Decisions → support systems
Before any maths, the professor sets up one chain of ideas. Everything in the course hangs off it.
The whole course is built on a little cascade of three concepts. Each one builds on the last:
Decision
The behaviour of choosing among alternatives — and the result of that choice. Ordering at a restaurant is both the act of choosing and the dish you get.
Decision-making
The process of arriving at a decision from a set of stimuli — the events or conditions that trigger you to choose.
Support system
Any system — a program, or even rules written on paper — whose goal is to improve decision-making.

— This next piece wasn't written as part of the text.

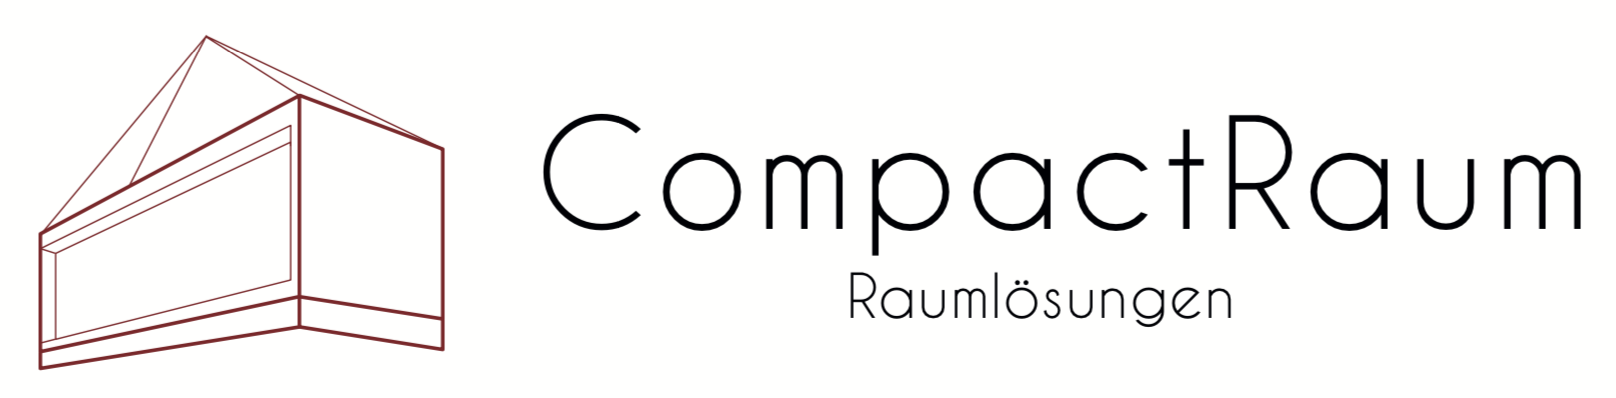 compactraum logo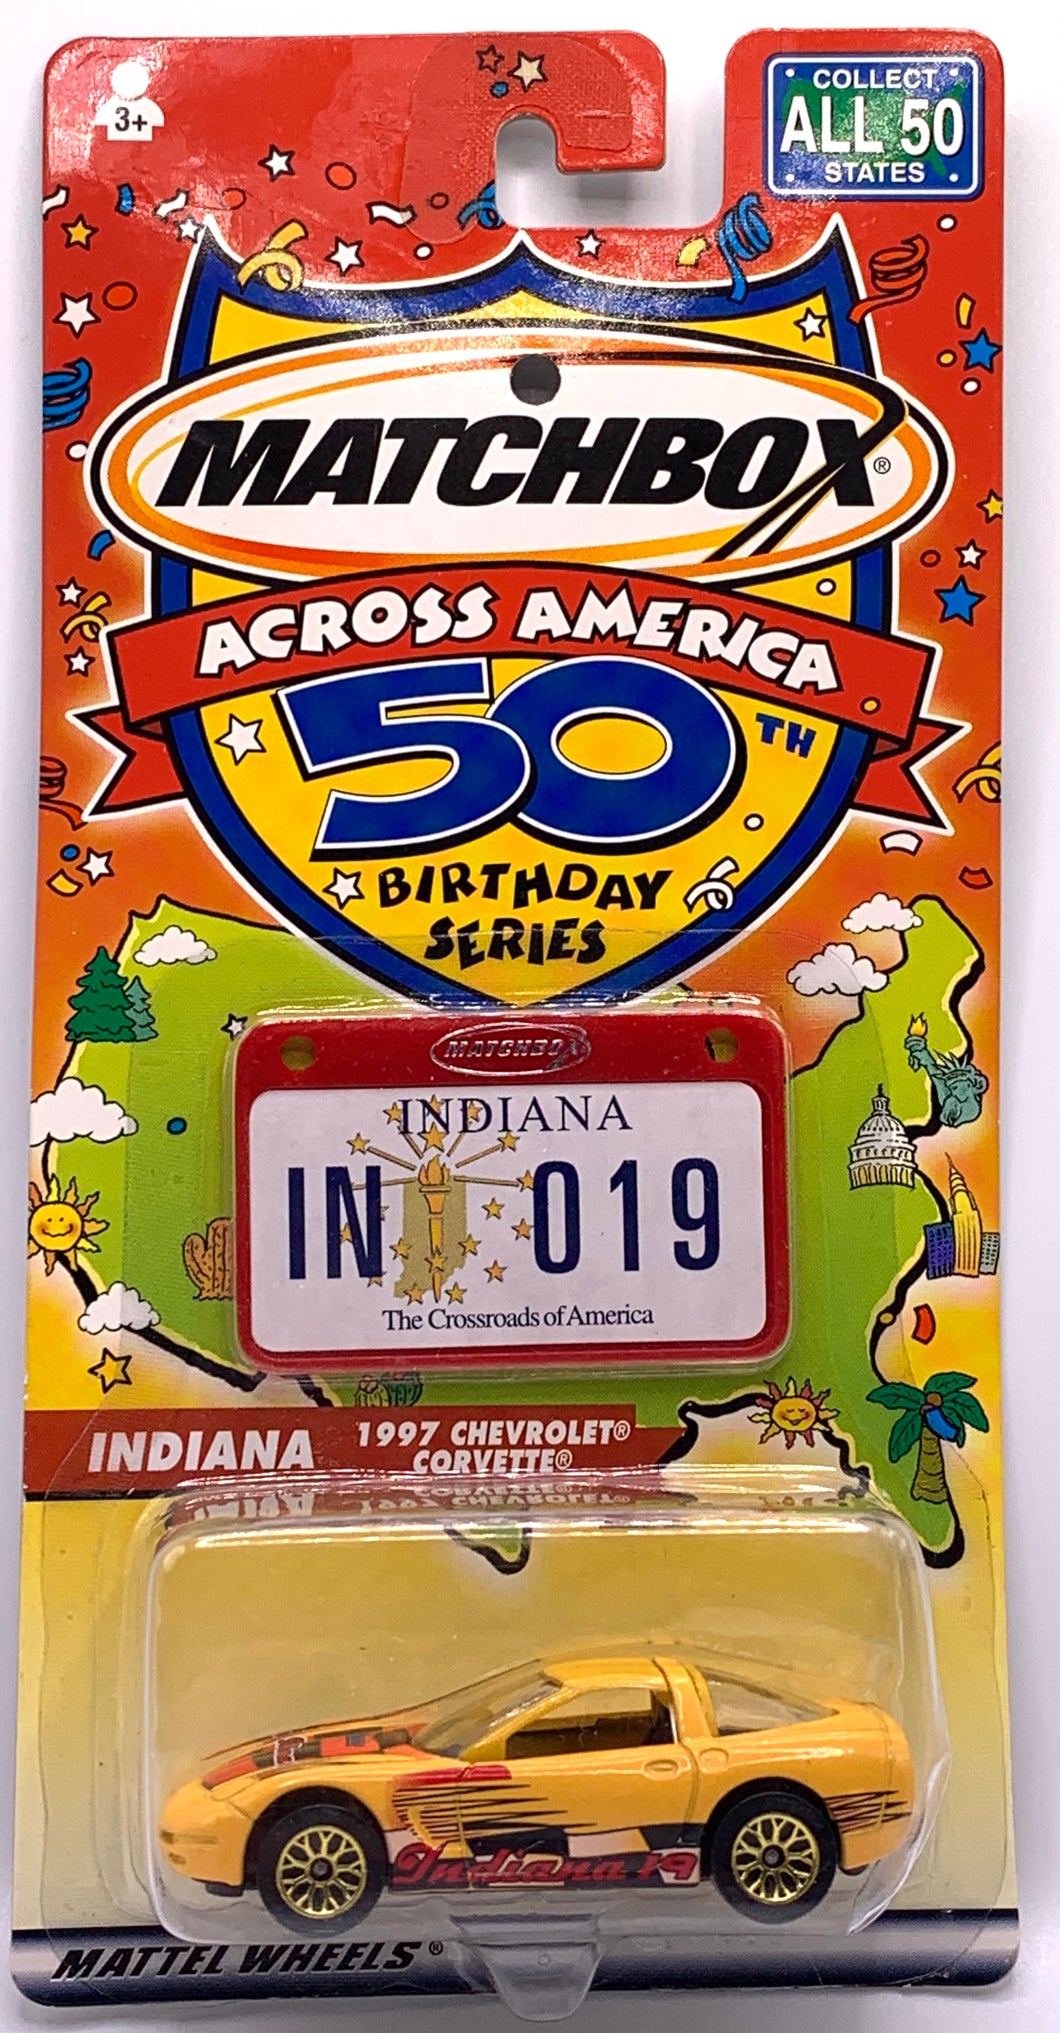 INDIANA Indiana 19, Hoosier 1997 Chevy Corvette Coupe 1/60  Matchbox Across America 50th Birthday Series

We care about decision support systems (DSS). To improve decision-making, we first have to understand decisions: what they are, how they're made, how they should be made, and how to write them down mathematically. That's why a course on "support systems" spends its time on decision theory.
A decision support system is any system whose goal is to improve decision-making processes… these are not intended to replace humans, but rather to support humans.
That word support matters. A DSS isn't meant to replace the doctor or the manager — it's meant to help them decide better. Which leads straight to the first big question of the field…
What is decision theory?
The study of how agents make — or should make — decisions in a decision-making setting.
Two words in that definition are doing all the work, and the professor highlights both.
"Make" vs "should make"
Studies how real humans actually decide, biases and mistakes included. How do doctors really choose to treat? How do analysts really decide to invest?
Starts from assumptions (e.g. "the agent is rational") and derives the optimal behaviour those assumptions imply. This course is mostly normative.
We don't want systems that are copies of humans, because sometimes humans make wrong decisions. We want systems that can help us improve.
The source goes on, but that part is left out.